Napoli had used Bufalino’s name to secure $25,000 worth of diamonds from a New York jeweler, paying for the gems with a worthless check. Napoli knew he was in deep trouble and had gone to the FBI before the meeting and was wearing the wire when Bufalino vowed to kill him.

Billy D’Elia
Billy D’Elia



Following his indictment, Bufalino’s solution to beat the rap was to kill Napoli before he could testify. For help, Bufalino reached out to Jimmy (the Weasel) Fratianno, who described the incident in detail in The Last Mafioso..... Then "Fratianno," DeVecchio (who was part of the FBI team that wired up Napoli) notes in We're Going to Win This Thing, "had gotten into a jackpot in L.A., and he rolled and taped Bufalino. Now they had Bufalino for a conspiracy to murder with his own words. Bufalino went down on that, suffered a stroke in jail, and was released to die at home—which he did in his early nineties."
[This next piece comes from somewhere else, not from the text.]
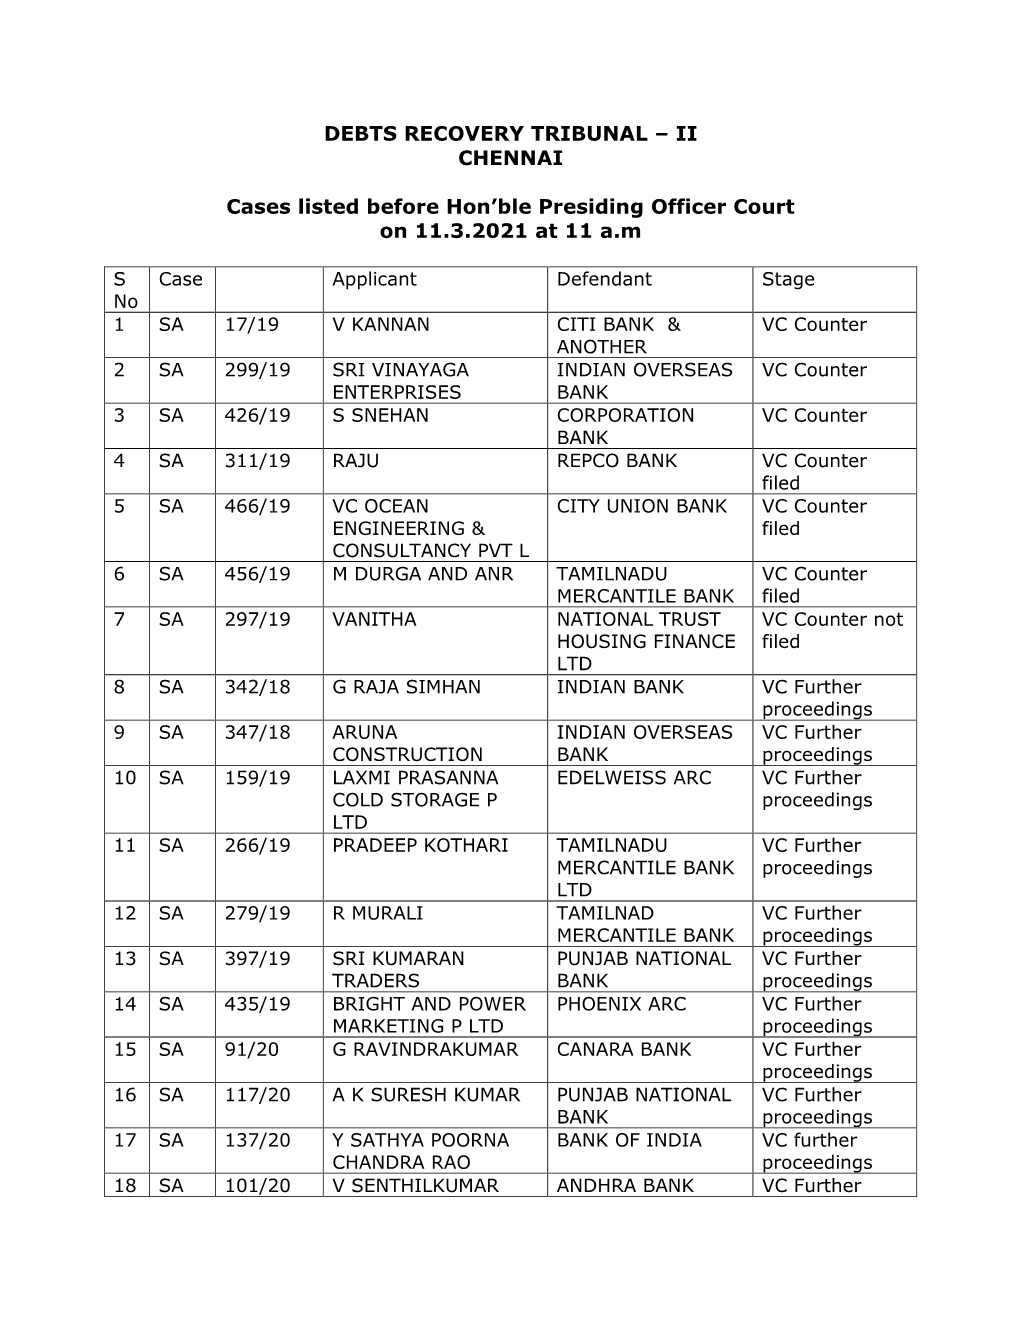 DEBTS RECOVERY TRIBUNAL – II CHENNAI Cases Listed Before Hon'ble Presiding Officer Court on 11.3.2021 at 11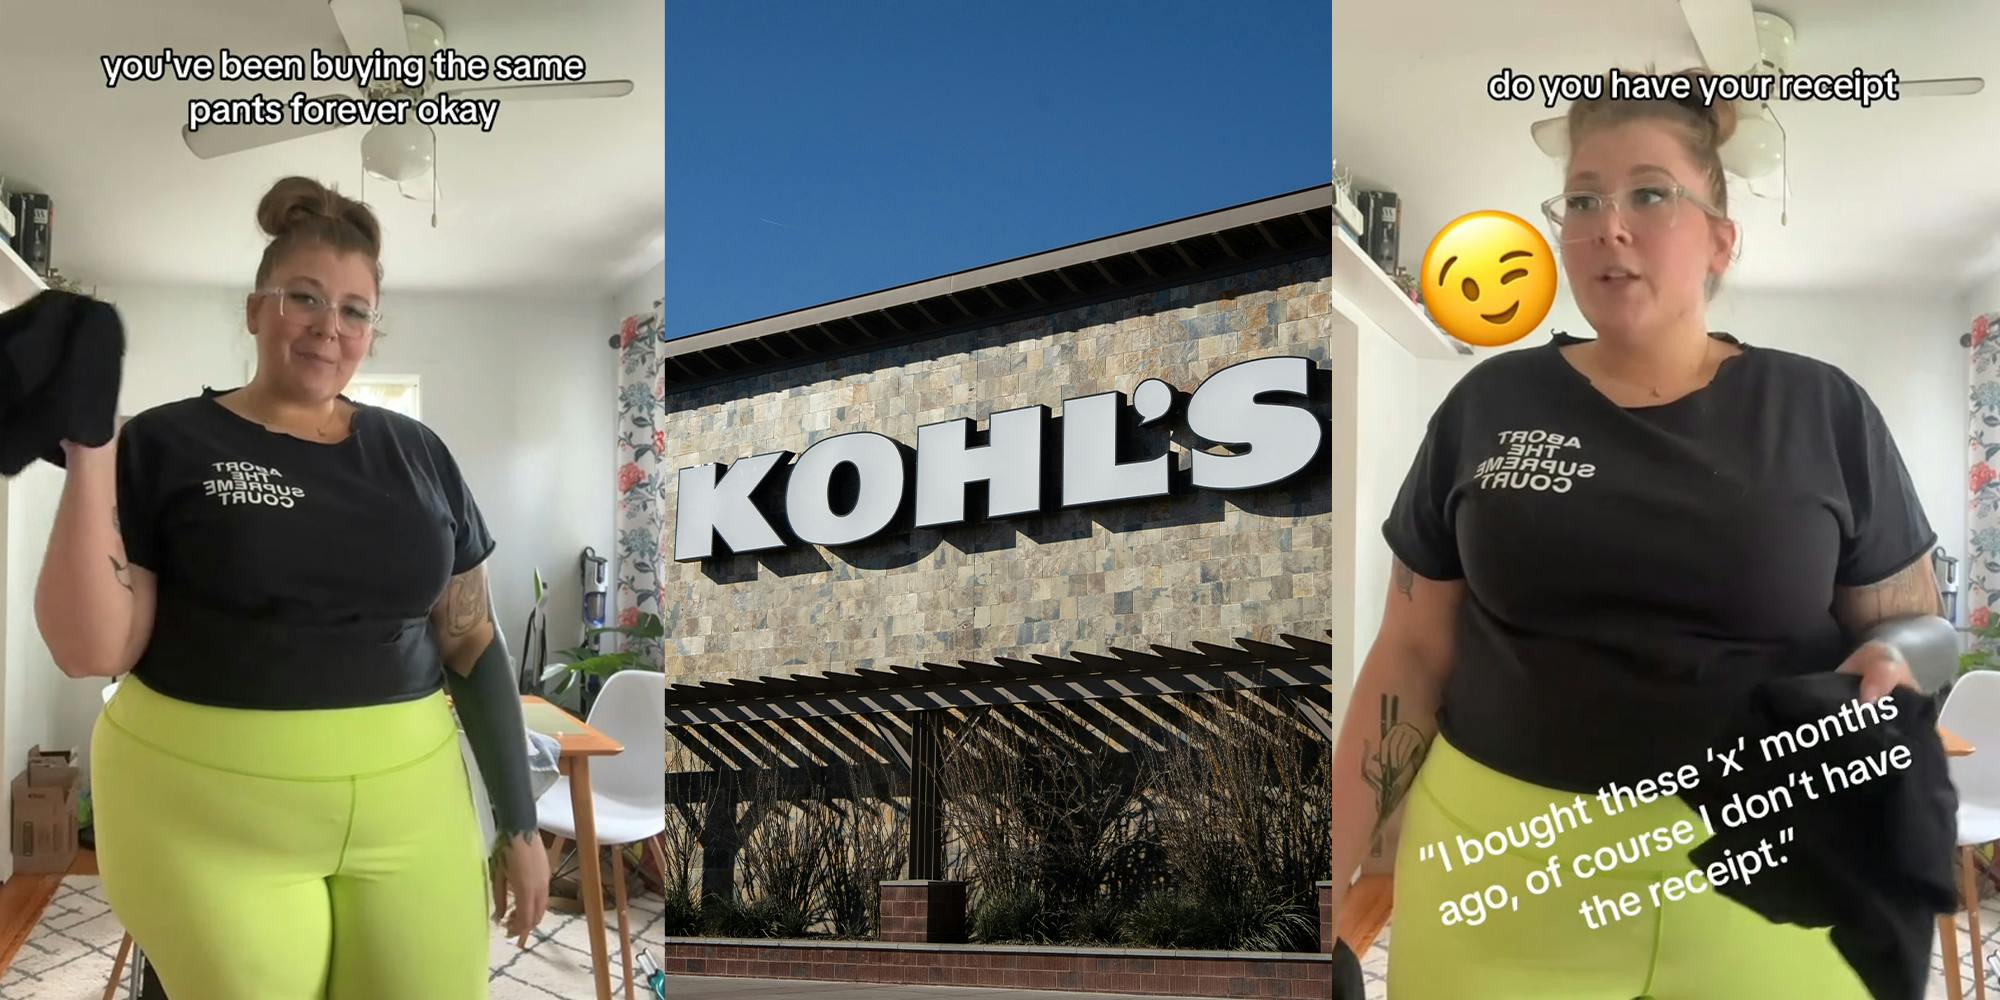 We tried making  returns at Kohl's (yes, Kohl's) and here's how it  works.

Specifically, Bufalino was convicted of extortion and got four years. He was sent to Danbury CT Federal Prison in 1978, leaving his longtime driver, William (Big Billy) D'Elia, and Edward Sciandra to run the Pittston Crime Family while he was away. Bufalino was released in 1981 but was almost immediately convicted of conspiracy for the attempted murder of a  government witness. He was sent back to prison in 1982 and served six years and eight months of a 10-year sentence.

Bufalino died Feb. 25, 1994, at Nesbitt Memorial Hospital in Kingston, Pennsylvania. he was 90.

His successor as boss of the Pittston Crime Family was D'Elia. Edward Sciandra reportedly remained involved but kept his distance from the action in Pennsylvania by living on Long Island in Bellmore, New York. Sciandra later retired to Florida, where he died in July of 2003. In 2006, Billy D’Elia was arrested for money laundering and witness tampering. He won a reduction in his original nine-year sentence by cooperating with investigators. D'Elia was held at a federal facility in Tucson, Ariz. HE was supposed to be released on Feb. 2, 2013.